Remember to share your news making research with the INFORMS Communications Department. Contact INFORMS Communications Director Barry List at barry.list@informs.org or 1-800-4INFORMs.
And now, O.R. in the news:
Top drivers behind the growing use of business analytics
“As the world gets more instrumented, with a variety of devices collecting enormous volumes of data, companies are finding they need sophisticated business analytics to make sense of the data. The reason: business analytics lets companies know what is happening now, what is likely to happen next and what actions should be taken to get optimal results. Not surprisingly, the use of business analytics correlates with success.”
- eWeek, June 24
Online ad placement
“After discovering that the second paid search ad tends to get more eye time than the highest listed one, I stumbled upon another interesting paid search study, this time a group effort by McGill University’s Desautels Faculty of Management and the University of Maryland’s Robert H. Smith School of Business and just published in Information Systems Research, the journal of the Institute for Operations Research and the Management Sciences Information Systems Research (Yes, INFORMS).
“Studying the click-through rates of paid search ads, the academics discovered that people clicking on the top-listed paid search link tended to be more interested in the quality of a product while those clicking on the lower-ranked ads are more concerned about price. Ranking in search results could be used as a targeting mechanism.”
- ADOTAS, May 23
9/11 memorial and the knapsack problem
“In 2004, Afghanistan had a new constitution, bin Laden had a new videotape and the 9/11 memorial had a new architect, Michael Arad, whose winning design, ‘Reflecting Absence,” consisted of two cascading pools in the footprints of the Twin Towers, and, ringing these pools, a parapet of bronze panels inscribed with the names of the dead ...
“ ‘It was a computer-science problem, but it was also a big, crazy typography problem,’ Barton said last week. As a spatial puzzle, it also owed a little bit to the so-called ‘knapsack problem’ in mathematics, which involves trying to optimize the fit of irregularly shaped or weighted objects in a backpack. Their solution was really a combination of algorithms, which they called the Names Arrangement. A graphic representation of the computational armature, color-coded on a laptop screen, brings to mind Tetris, but the sight of the names themselves, inscribed in bronze, linked together by happenstance and blood, calculus and font size, is a little like the faint silhouette of a cosmic plan, or else of the total absence of one.”
- The New Yorker, May 16
Is it better to hire for cultural fit over experience?

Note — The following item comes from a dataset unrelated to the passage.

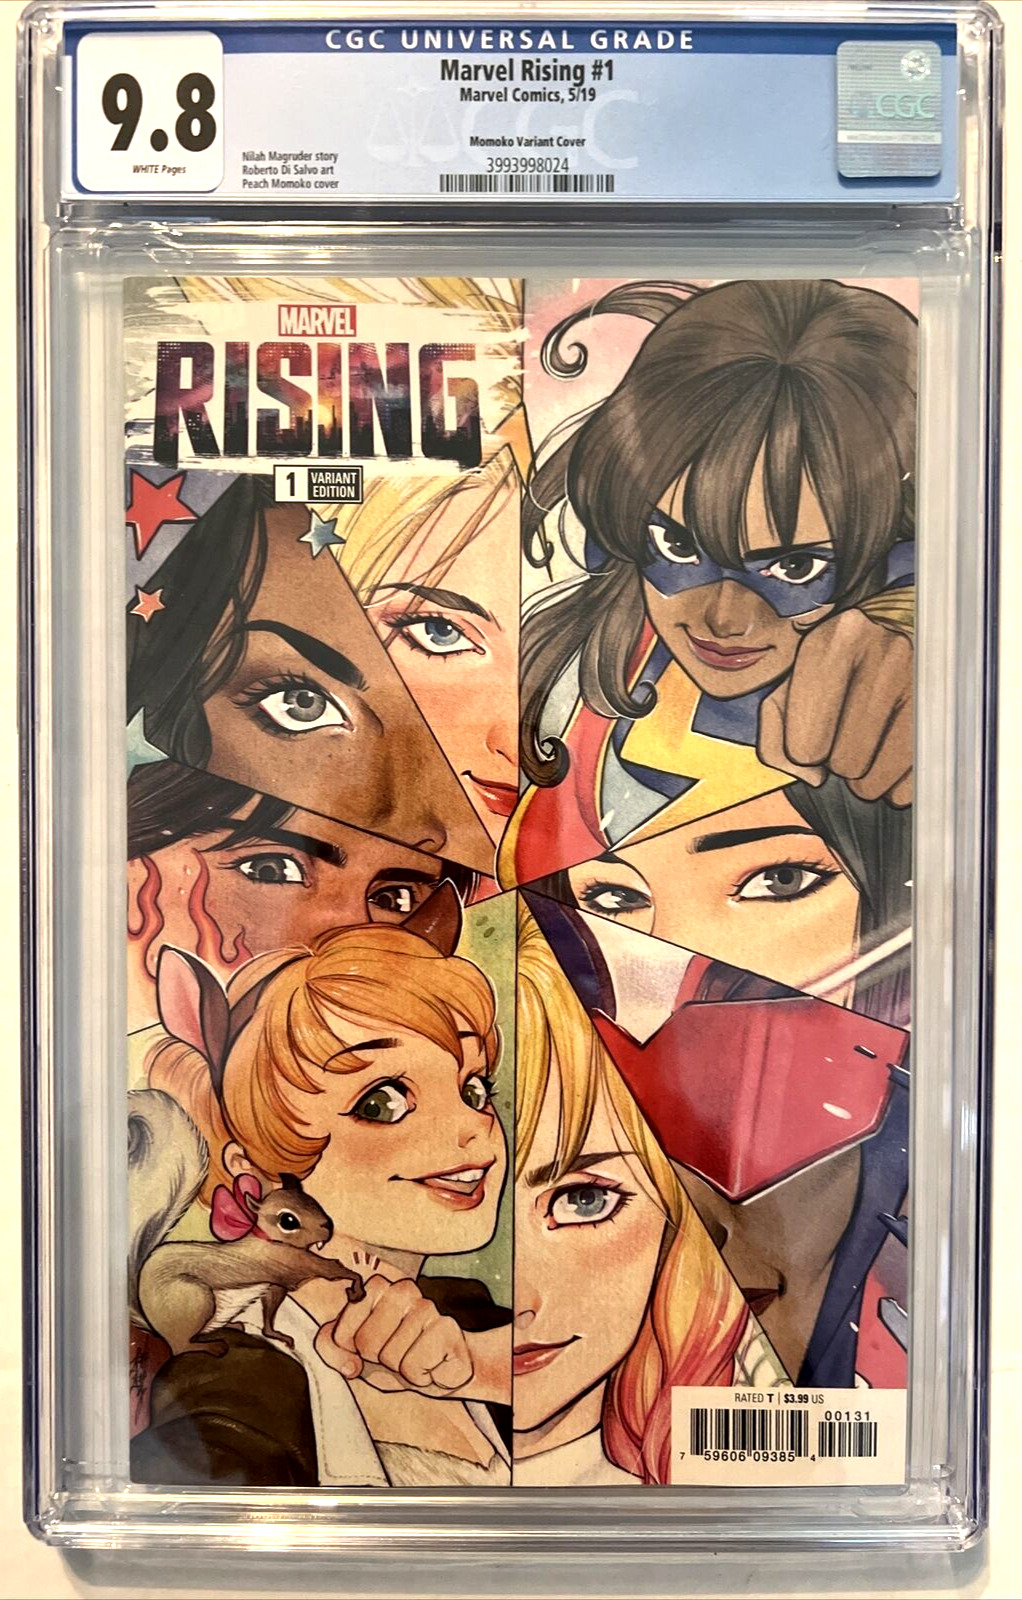 MARVEL RISING #1 CGC 9.8 PEACH MOMOKO 1:25 VARIANT COVER 2019 WHITE PAGES

“Cultural fit can cover a variety of characteristics, but ultimately, Rothbard and others say, the question hiring managers should be looking to answer is, does this candidate’s values align with those of the company, be they work-life balance, corporate mission or how to handle a customer phone call.
“Rothbard and two co-authors published a paper, ‘Unpacking Prior Experience: How Career History Affects Job Performance,’ in Organization Science in 2009 that examined the hiring practices at an insurance firm.”
- Fortune, April 28
ManSci student earns degree 14 years after car injury
“It was a college graduation that was years in the making – far longer than the standard four years of college and years of K-12 education. At 39, Ellen Sykes earned her bachelor’s degree in business administration at MTSU’s May 7 commencement exercises. In order to receive her diploma, she maneuvered her electric scooter up one ramp and across the stage.”
- Daily News Journal, May 16
SMS data report
“According to a Management Science Report, “An Empirical Analysis of Mobile Voice Service and SMS: A Structural Model,” the elasticity of voice calls is -0.08, which means that if the price of voice calls increases by 10 percent, the volume of voice calls would go down by 0.8 percent. SMS has an elasticity of -0.03, so if the price of SMS goes up by 10 percent the volume of messages would only go down by 0.3 percent.
“The relatively low elasticity of both voice and SMS indicates that consumers regard both services as indispensible, giving operators no reason to drop rates.”